Увы, это никак не меняет отношения народа к серьезным писателям. Какой народ на просторах бывшего СССР относится так скверно к своим писателям, как русский? Вы посмотрите, каких писателей пестуют в “ближ-нем зарубежье”, — ни один из них и в подметки не годится любому нашему “середняку”. Напиши хоть в “ближнем”, хоть в “дальнем” зарубежье кто-нибудь что-то вроде “Лада” Белова — да ему памятник поставят при жизни.

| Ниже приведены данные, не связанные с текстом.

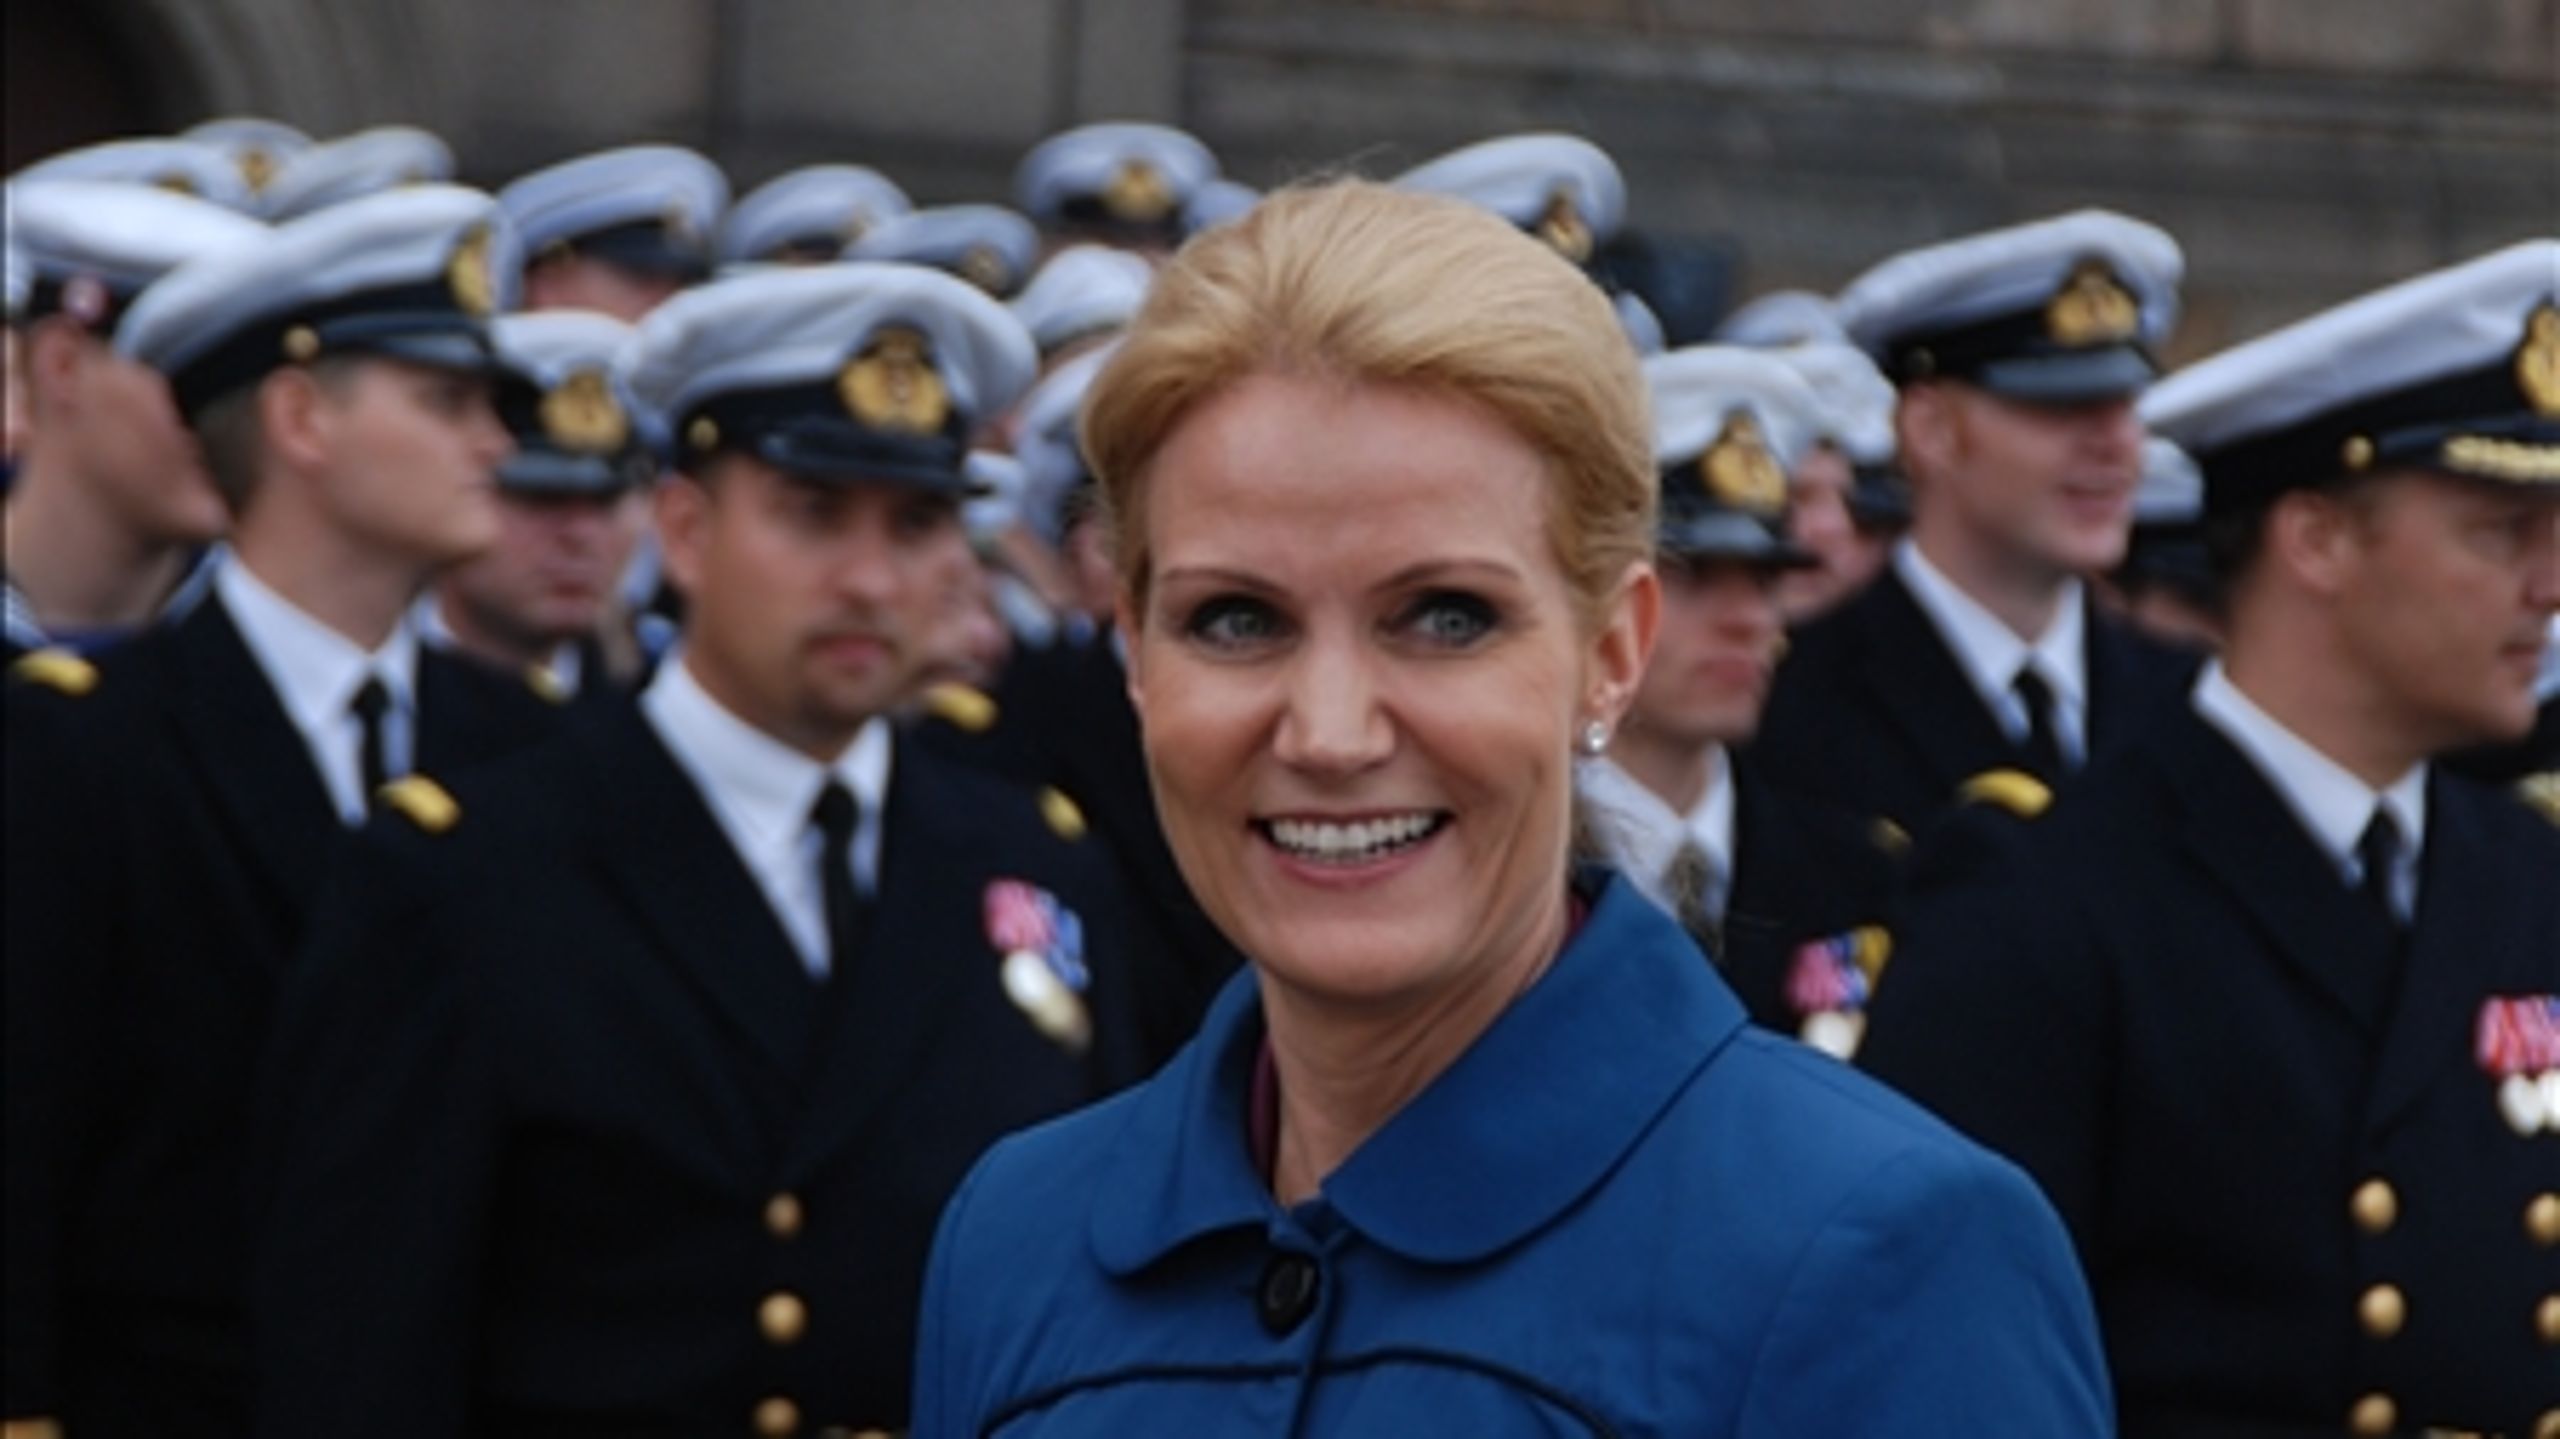 Ifølge meningsmålingerne får Helle Thorning-Schmidt ikke en hær af partifæller med sig i Folketinget.

Раньше писатели — и Пушкин, и Лермонтов, и Толстой, и Достоевский, и Шолохов, и помянутый Белов — были обязаны очень многим в своем творчестве народу. Теперь наоборот. Возьмем один из многочисленных фольклорных сборников XIX века. Мы найдем в нем множество сюжетов, поэтических образов и просто словесных оборотов, вошедших в классические русские произведения. А что теперь? Современный раздел в фольклорном сборнике, конечно, есть: всякие частушки про колхозы, Гитлера, Горбачева, Ельцина, Чубайса, но это, собственно, не народная поэзия, а то, что во Франции называли мазаринадами.

А если говорить о народных промыслах? Знанием о цивилизациях древности мы во многом обязаны банальным глиняным черепкам. На них можно обнаружить редкие письмена, они хранятся в земле лучше железа и позволяют точно определить с помощью спектрального анализа время изготовления сосуда, а следовательно, и древность культурного слоя. Нельзя сказать, что наша эпоха будет представлять в этом смысле белое пятно. Гончары в России есть, а у кузнецов даже существует профессиональный союз. Я знаю людей, нашедших утерянный, казалось бы, секрет чернолощеной керамики. Но вот незадача: народными промыслами не занимаются люди из народа. Где потомственные промысловики? Знакомые мне гончары и кузнецы — сплошь бывшие “итээровцы” и филологи. Недавно познакомился с одним гончаром с Нижегородчины, бывшим сельским учителем. Он теперь продажей горшков и крынок кормит семью. Но кто же его, деревенского человека, научил крутить их? Керамисты-интеллигенты из Подмосковья…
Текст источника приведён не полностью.